La deuxième nouvelle, Le veto du fils, est celle qui m’a peut-être le plus dérangée. C’est l’histoire d’une femme dont le mariage n’a pas été très heureux et surtout qui ne trouve pas sa place dans sa famille. Une fois son mari mort, elle a l’opportunité de retrouver le bonheur mais son fils se met en travers de sa route. C’est très triste voire même dérangeant de la voir lui céder ainsi et la relation qu’elle a avec ce dernier et l’emprise qu’il a sur elle sont tristes mais très bien décrites. Une fois de plus, la fin est tragique, comme souvent avec cet auteur.

Je suis passée complètement à côté de la troisième nouvelle : Le violoneux des contredanses. C’est celle qui m’a le moins plu. J’ai trouvé la figure masculine assez détestable et l’héroïne bien falote par certains côtés, alors que l’histoire avait du potentiel avec cette femme célibataire qui tombe enceinte et décide de garder le bébé parce qu’elle a été ensorcelée par un violoniste de village.

Enfin, la dernière nouvelle : Une femme d’imagination, titre phare du recueil, n’a pas été l’apothéose que j’attendais. J’ai trouvé la romance de cette femme d’une grande banalité. Elle tombe sous le charme d’un homme qu’elle n’a jamais vraiment connu ni rencontré, ce sont ses écrits, sa photo et ce qu’on lui a dit de lui qui l’ont séduite. Ça fait penser à ces filles qui tombent amoureuses d’une star. Après Thomas Hardy le met bien en scène, on voit les difficultés de celle-ci dans son mariage, le manque de reconnaissance qu’elle subit, son immaturité, etc. Mais ça donne encore une vision de la femme assez pauvre.

Au final, dans ce recueil de 4 nouvelles, c’est la première qui m’a le plus enchantée suivie de peu par la deuxième. J’ai eu plus de mal avec les deux dernières.

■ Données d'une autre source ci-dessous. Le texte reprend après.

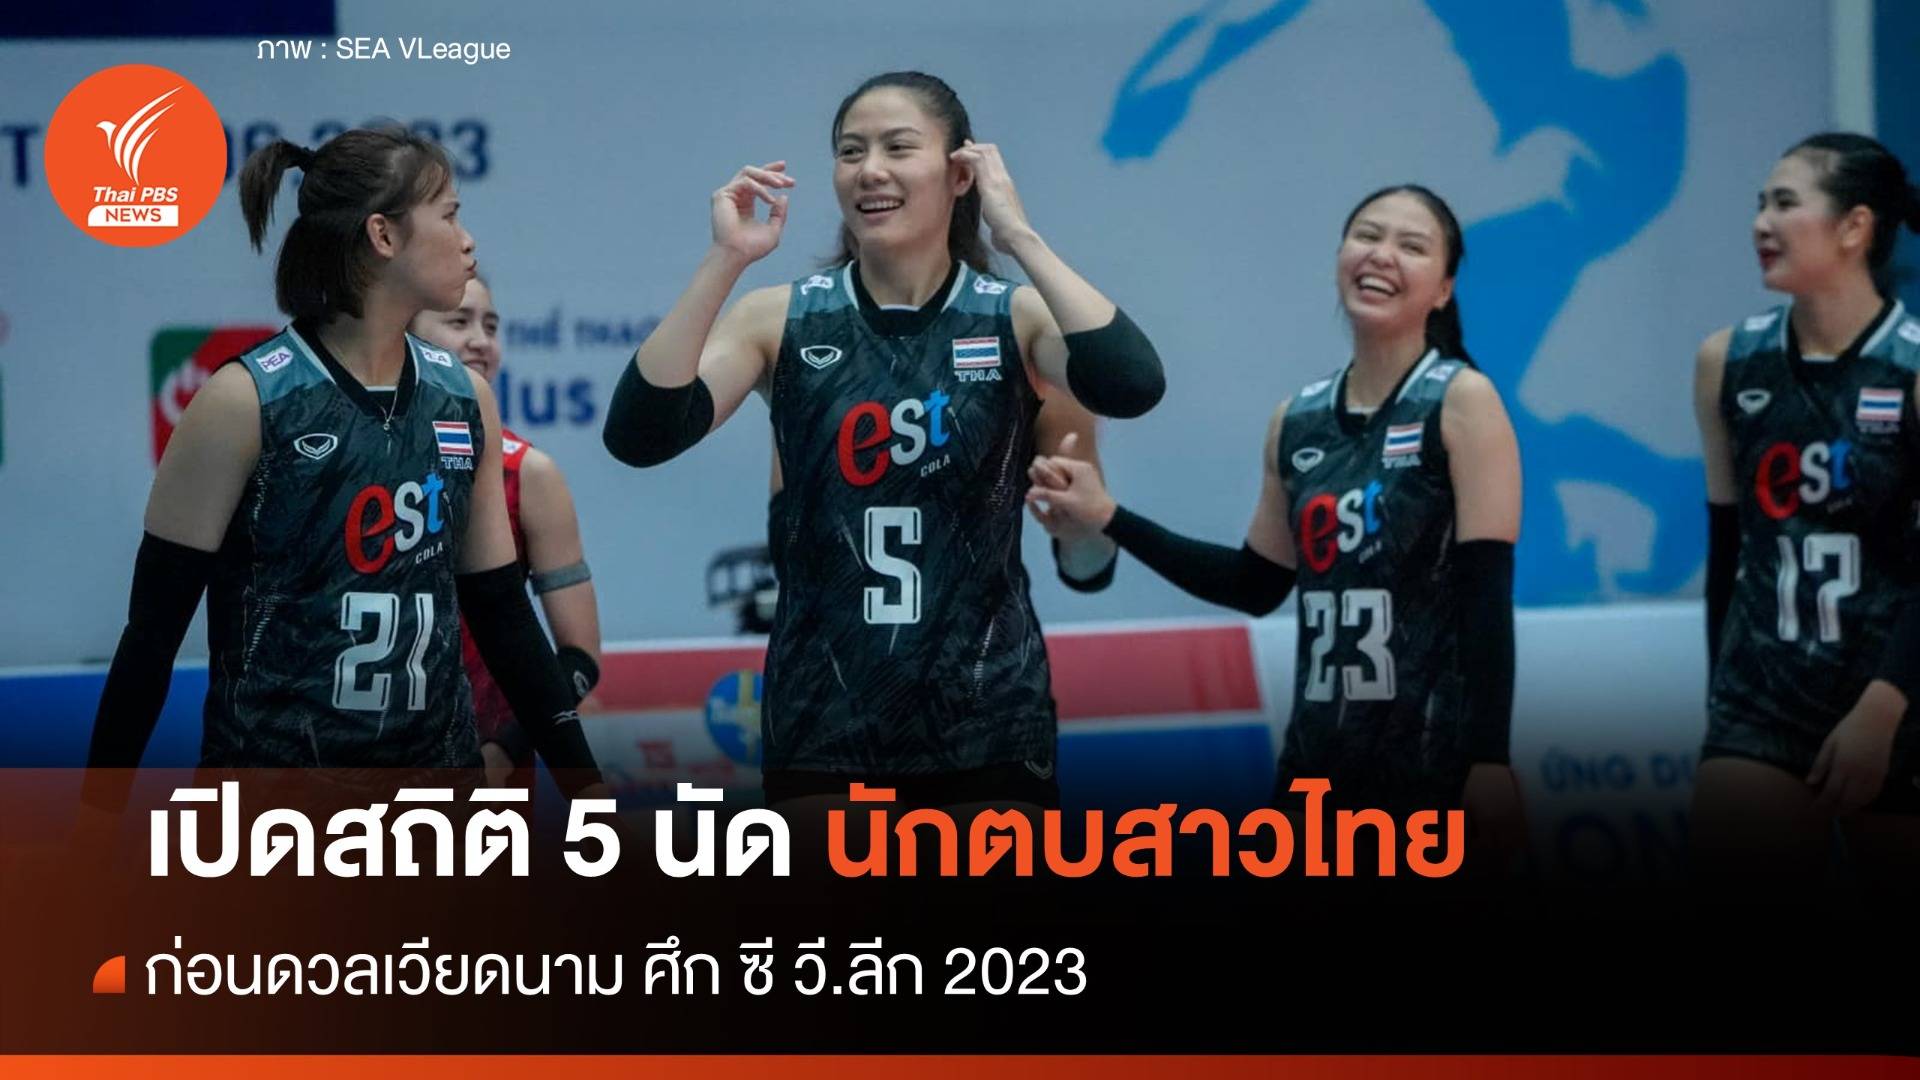 สถิติ 5 นัดวอลเลย์บอลหญิงไทย พบ เวียดนาม ศึก ซี วี.ลีก 2023
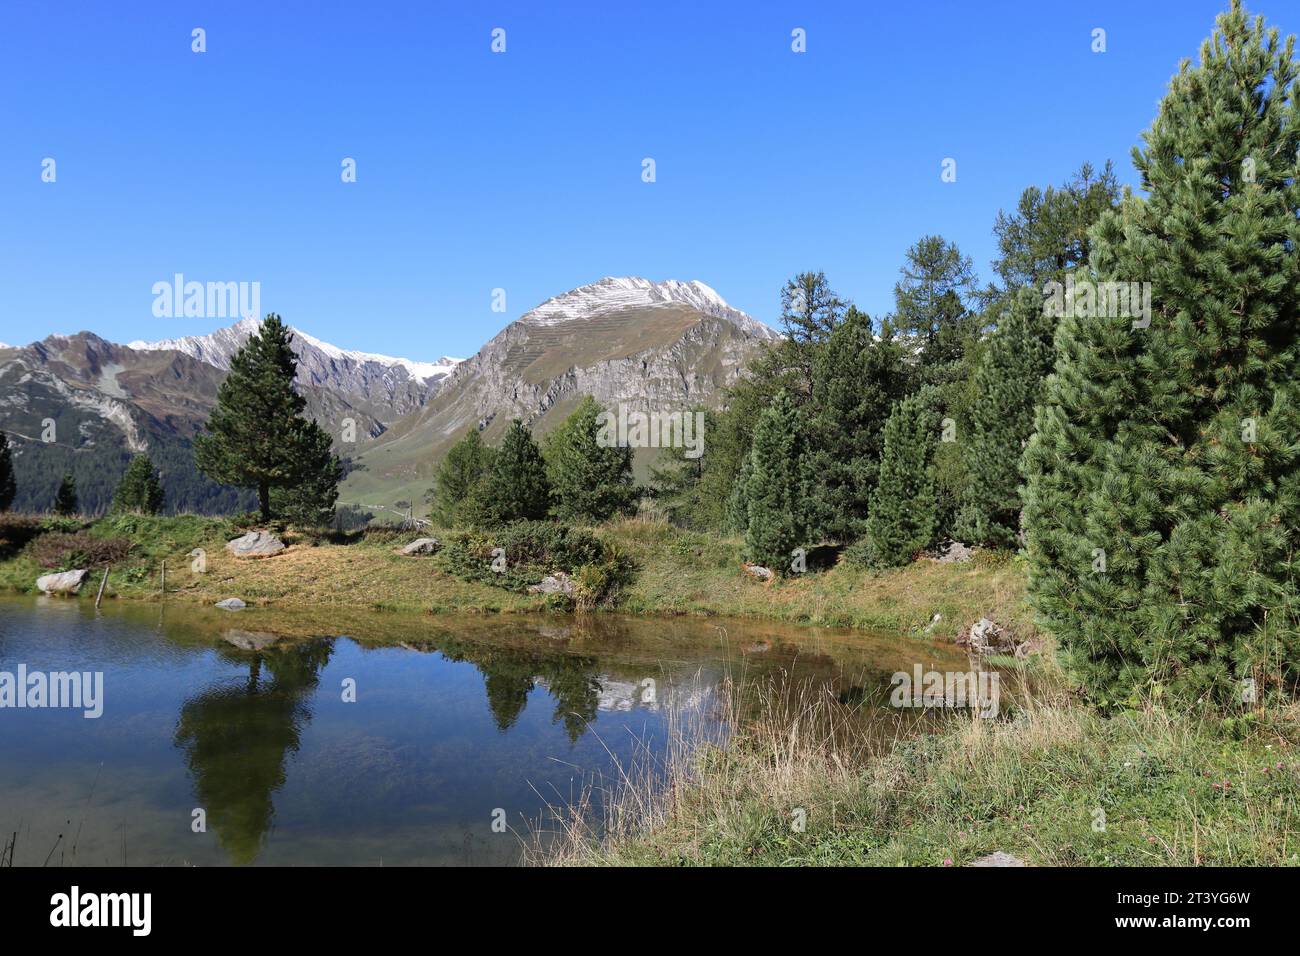 Frente a los picos nevados de las montañas en el fondo, las siluetas de los árboles se reflejan en un lago de montaña azul claro Foto de stock

On retrouve des thèmes communs propres à l’univers de cet écrivain : une vision assez pessimiste de la vie conjugale et de l’amour en général où beaucoup d’élans se terminent en drame. J’avais peur de la vision de la femme qu’il donnerait, j’en ressors mitigée. Parfois, il les montre en femmes fortes affrontant l’adversité, tantôt en femmes immatures. Mais je n’ai jamais senti un regard vraiment négatif porté sur elles. A l’inverse, j’ai trouvé sa critique de la façon dont certains hommes se comportent avec elles assez acerbe, entre le fiancée qui délaisse sa promise, le père obtus qui veut obliger sa fille à faire ce qu’elle ne veut pas, le fils qui a honte de sa mère et la maintient sous sa coupe, le séducteur qui abandonne sa conquête et le mari qui ne s’intéresse plus à sa femme.

Ce fut donc une découverte intéressante. J’ai trouvé sa plume très agréable et pas du tout datée. J’ai aimé le format de ses histoires malgré les finaux assez brutaux et dramatiques. Ça m’a donné envie de redonner une chance aux romans de cet auteur anglais, mais peut-être pas les plus connus ^^!